_Exercise aim_
Only the lines below from the one that holds "cover 1 - Predstavitev" through the one that holds "Zero_Groovenatics_logo" should appear in the answer, copied exactly, end lines included and pictures omitted.

_Task input_
* * * * * * *
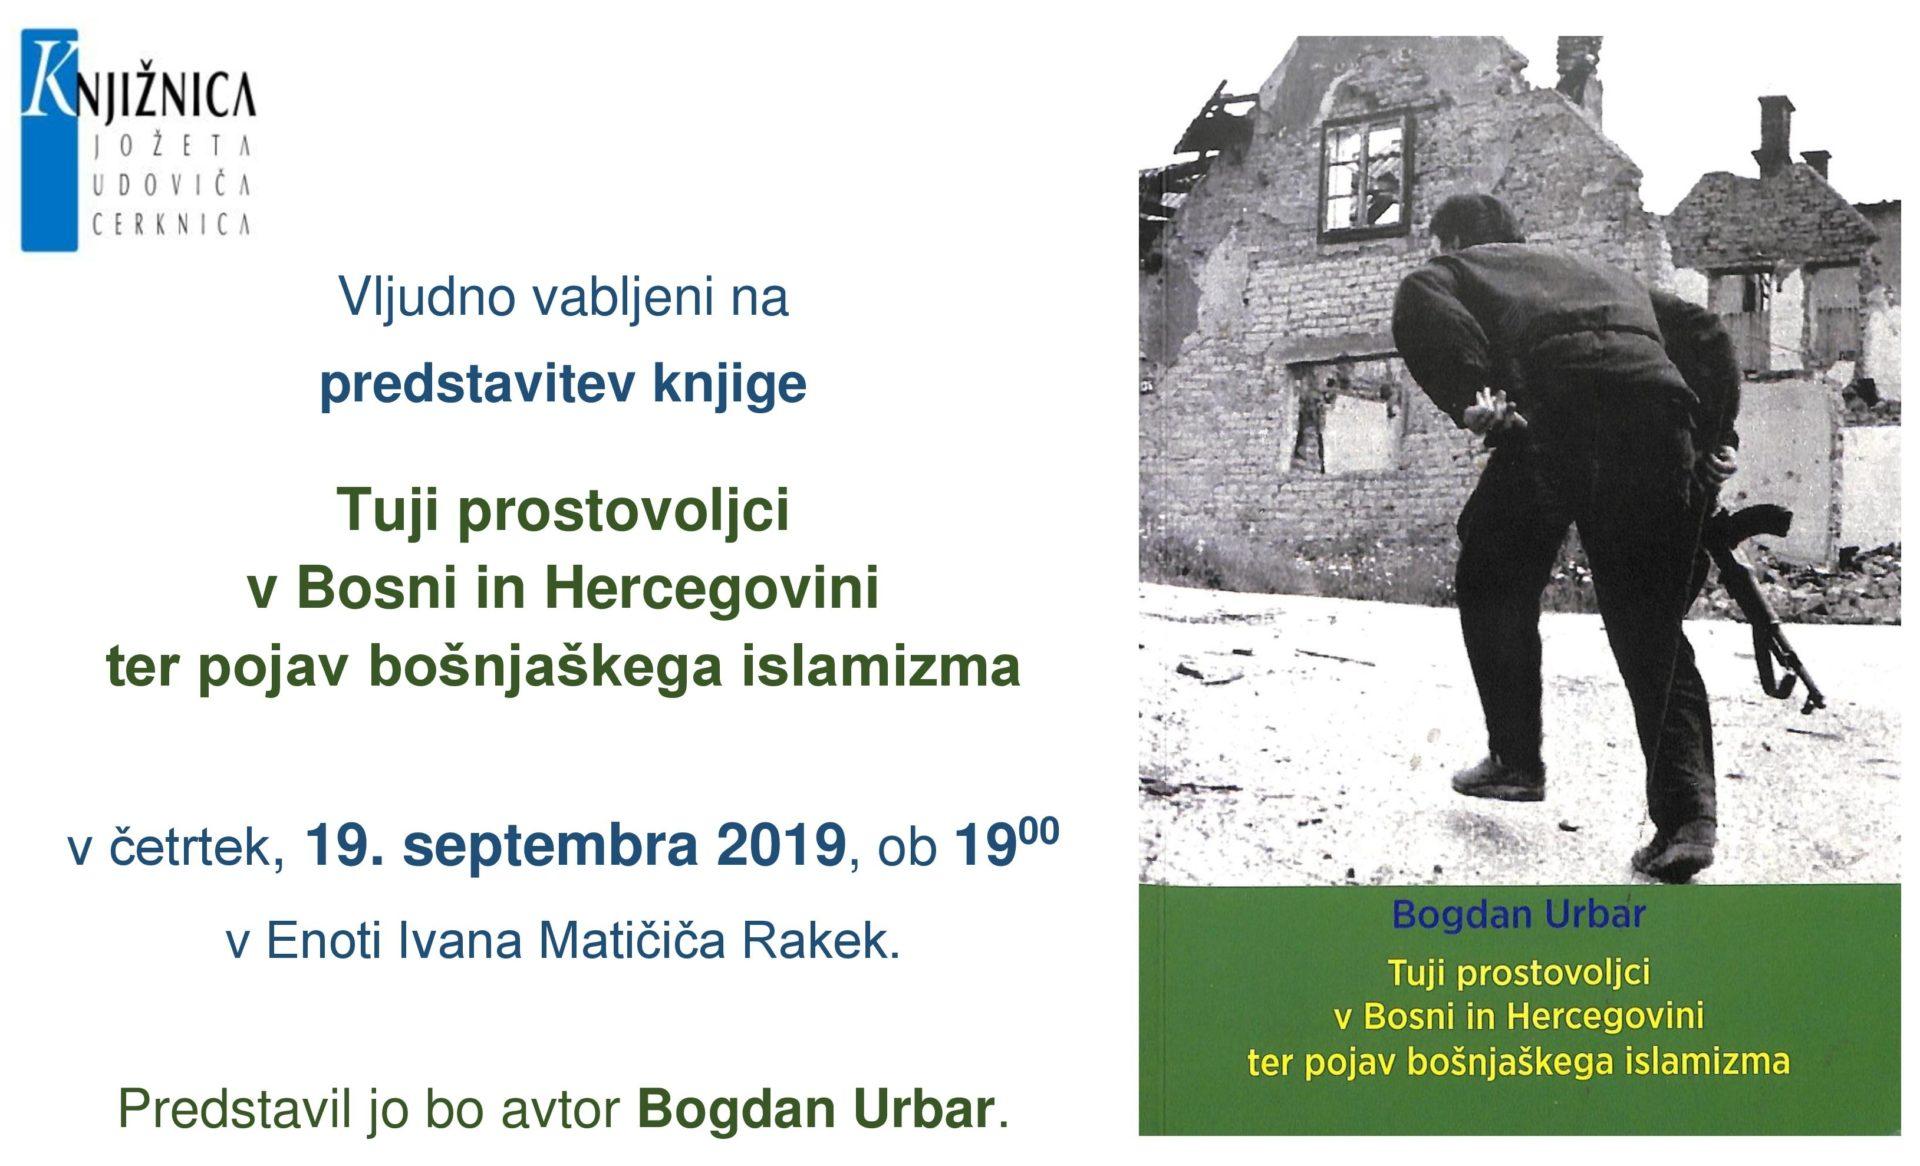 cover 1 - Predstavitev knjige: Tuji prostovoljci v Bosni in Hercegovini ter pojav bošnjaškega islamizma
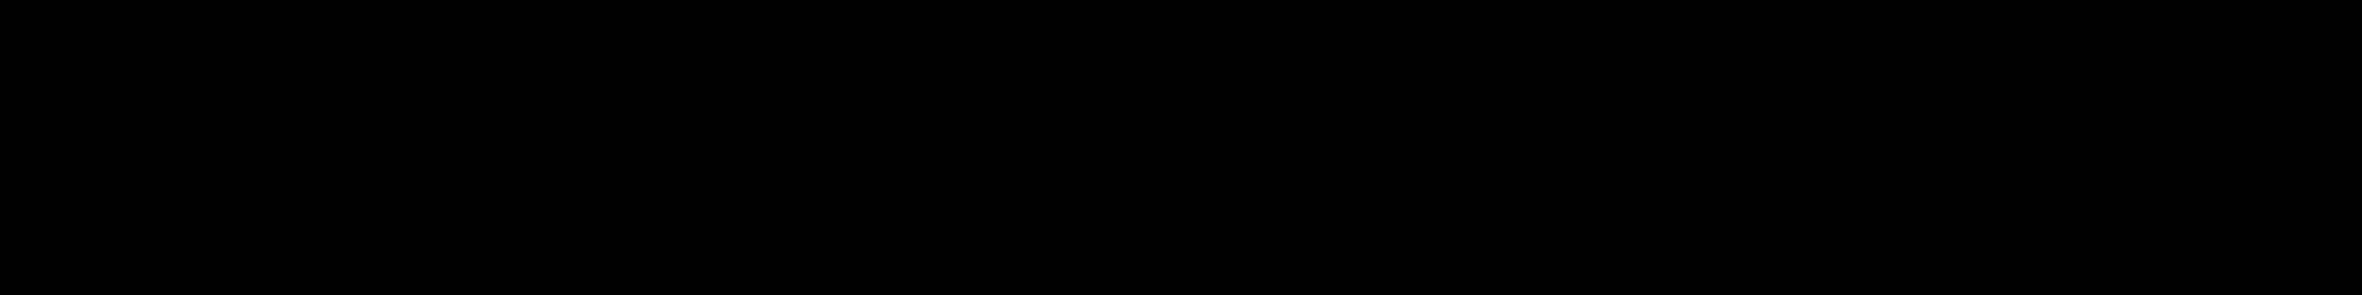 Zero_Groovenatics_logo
* * * * * * *
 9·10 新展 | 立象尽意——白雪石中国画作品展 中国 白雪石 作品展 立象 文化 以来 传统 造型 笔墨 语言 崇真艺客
* * * * * * *
_Response area_
 cover 1 - Predstavitev knjige: Tuji prostovoljci v Bosni in Hercegovini ter pojav bošnjaškega islamizma
 Zero_Groovenatics_logo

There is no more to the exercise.